I can understand what you are saying when you say "faith in a person" means.... But what about just "faith"? I'd say faith is simply "to believe". But if one has faith _in a person _it means to believe propositions about the person and to believe/trust what that person says. And if that person says "depend on me" then if I have faith in that person, then I will depend on him. But I can see where I can have faith in a person and not depend on him. I can have faith in Joe because I believe he is honest and has good intentions, but I do not depend or rely on Joe.


----------



## KMK (Oct 1, 2007)

From LBC chapter 14:



> 2. By this faith a Christian believeth to be true whatsoever is revealed in the Word for the authority of God himself, *and also apprehendeth an excellency therein above all other writings and all things in the world, as it bears forth the glory of God in his attributes, the excellency of Christ in his nature and offices, and the power and fullness of the Holy Spirit in his workings and operations: *and so is enabled to cast his soul upon the truth thus believed; and also acteth differently upon that which each particular passage thereof containeth; yielding obedience to the commands, trembling at the threatenings, and embracing the promises of God for this life and that which is to come; but the principal acts of saving faith have immediate relation to Christ, accepting, receiving, and resting upon him alone for justification, sanctification, and eternal life, by virtue of the covenant of grace.

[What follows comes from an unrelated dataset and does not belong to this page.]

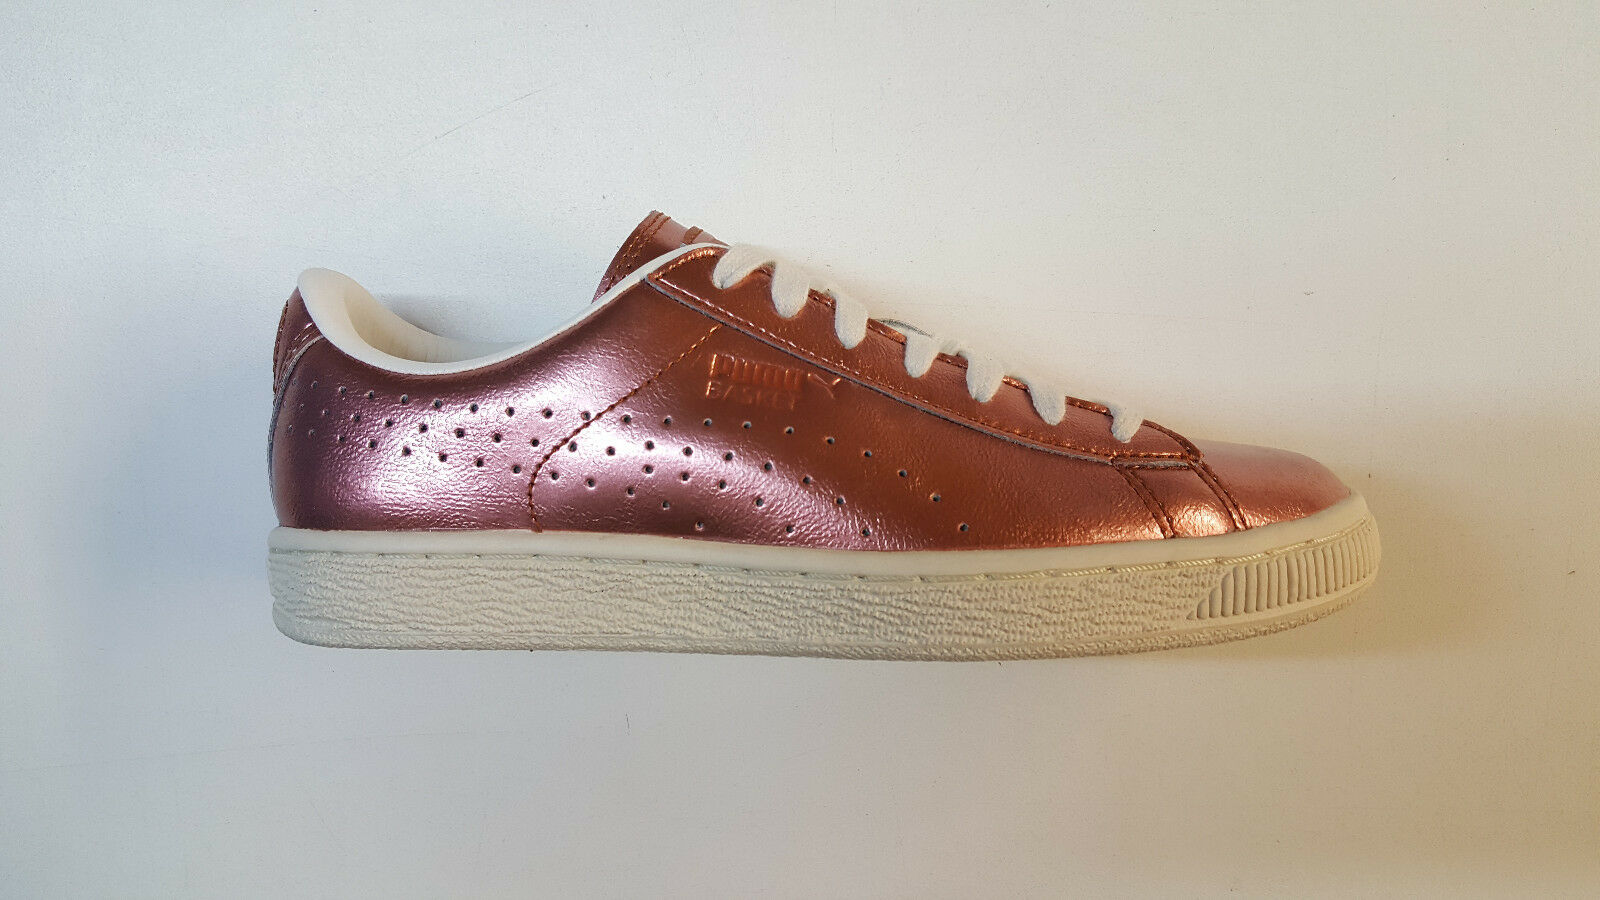 Puma Basket Citi Series Metallic Copper White Womens Sneakers 364165-01 1706-35 Brand discount
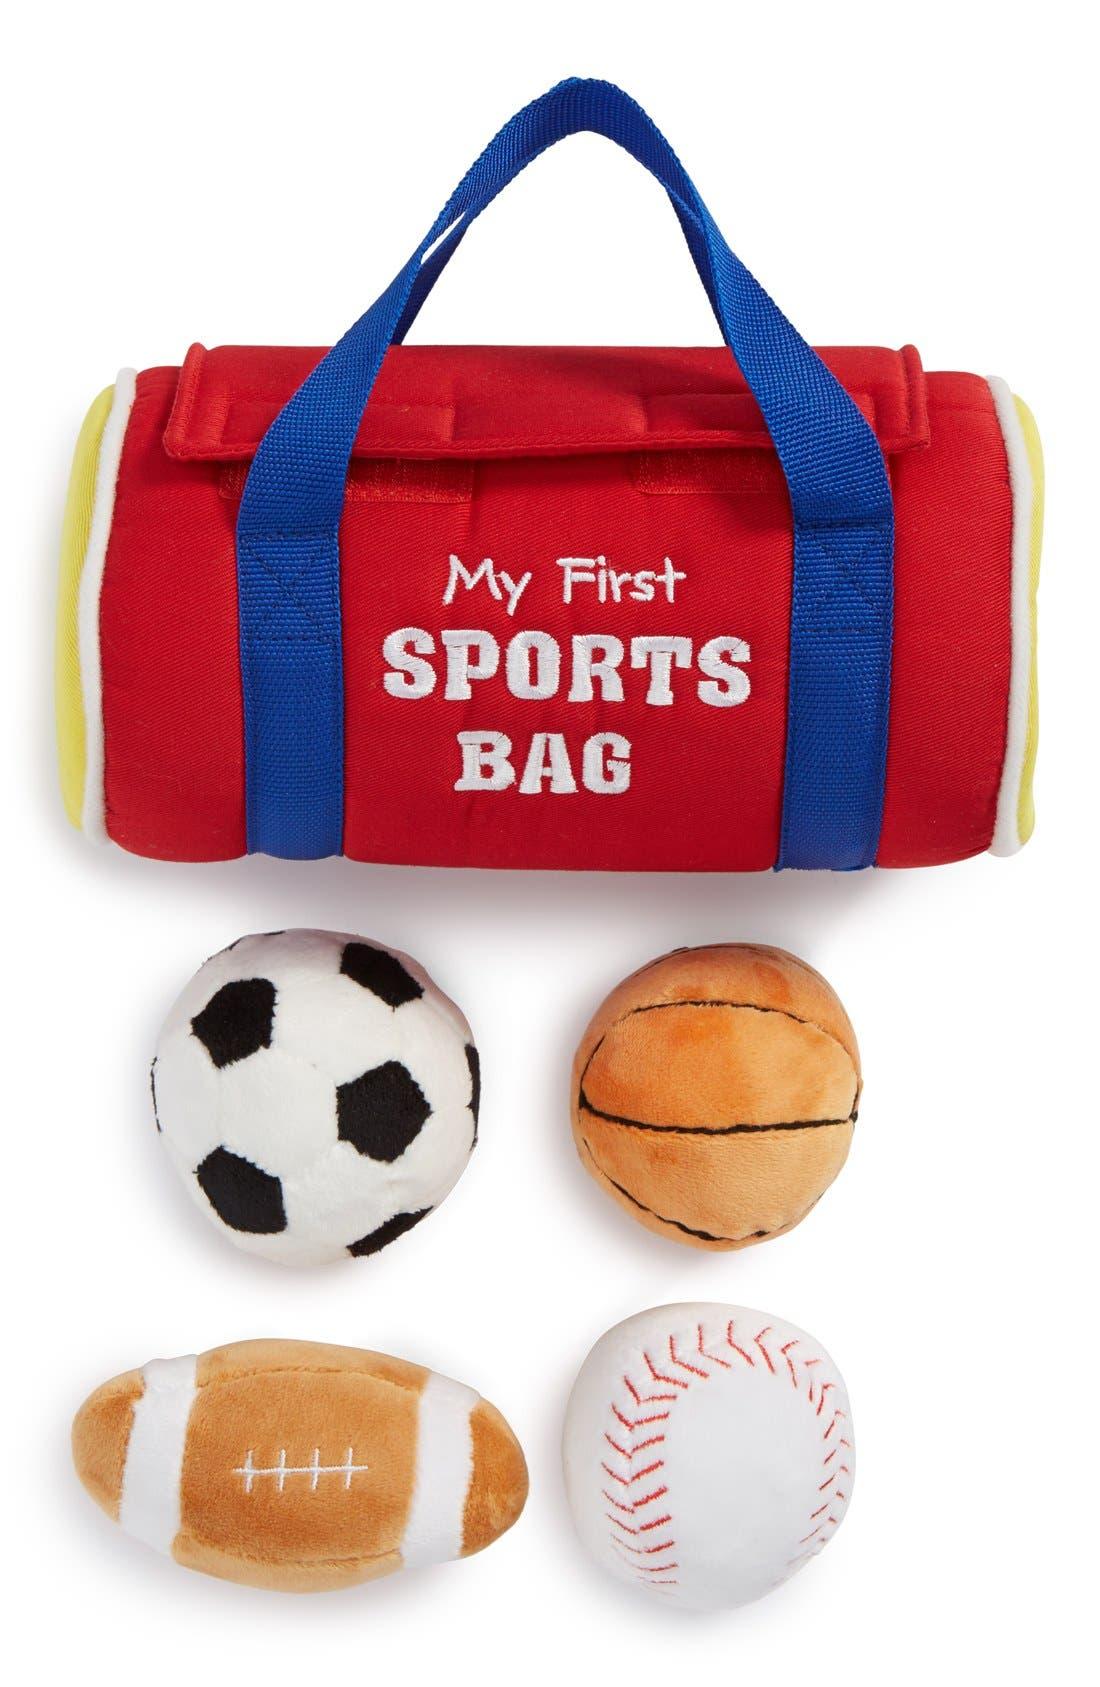 Main Image - Baby Gund 'My First Sports Bag' Play Set

Is there a difference between believing the Bible to be true (unsaving) and believing that it bears the glory of God, the excellency of Christ, and the power of the HS (saving)?


----------



## VictorBravo (Oct 1, 2007)

KMK said:


> Is there a difference between believing the Bible to be true (unsaving) and believing that it bears the glory of God, the excellency of Christ, and the power of the HS (saving)?



I can relate personal testimony on this: I once believed, without any doubt, that Jesus Christ lived, was crucified, and resurrected. No question. I took it to be a historical fact I could not explain.

I even believed that people who called on the name of the Lord would be "saved", whatever that meant.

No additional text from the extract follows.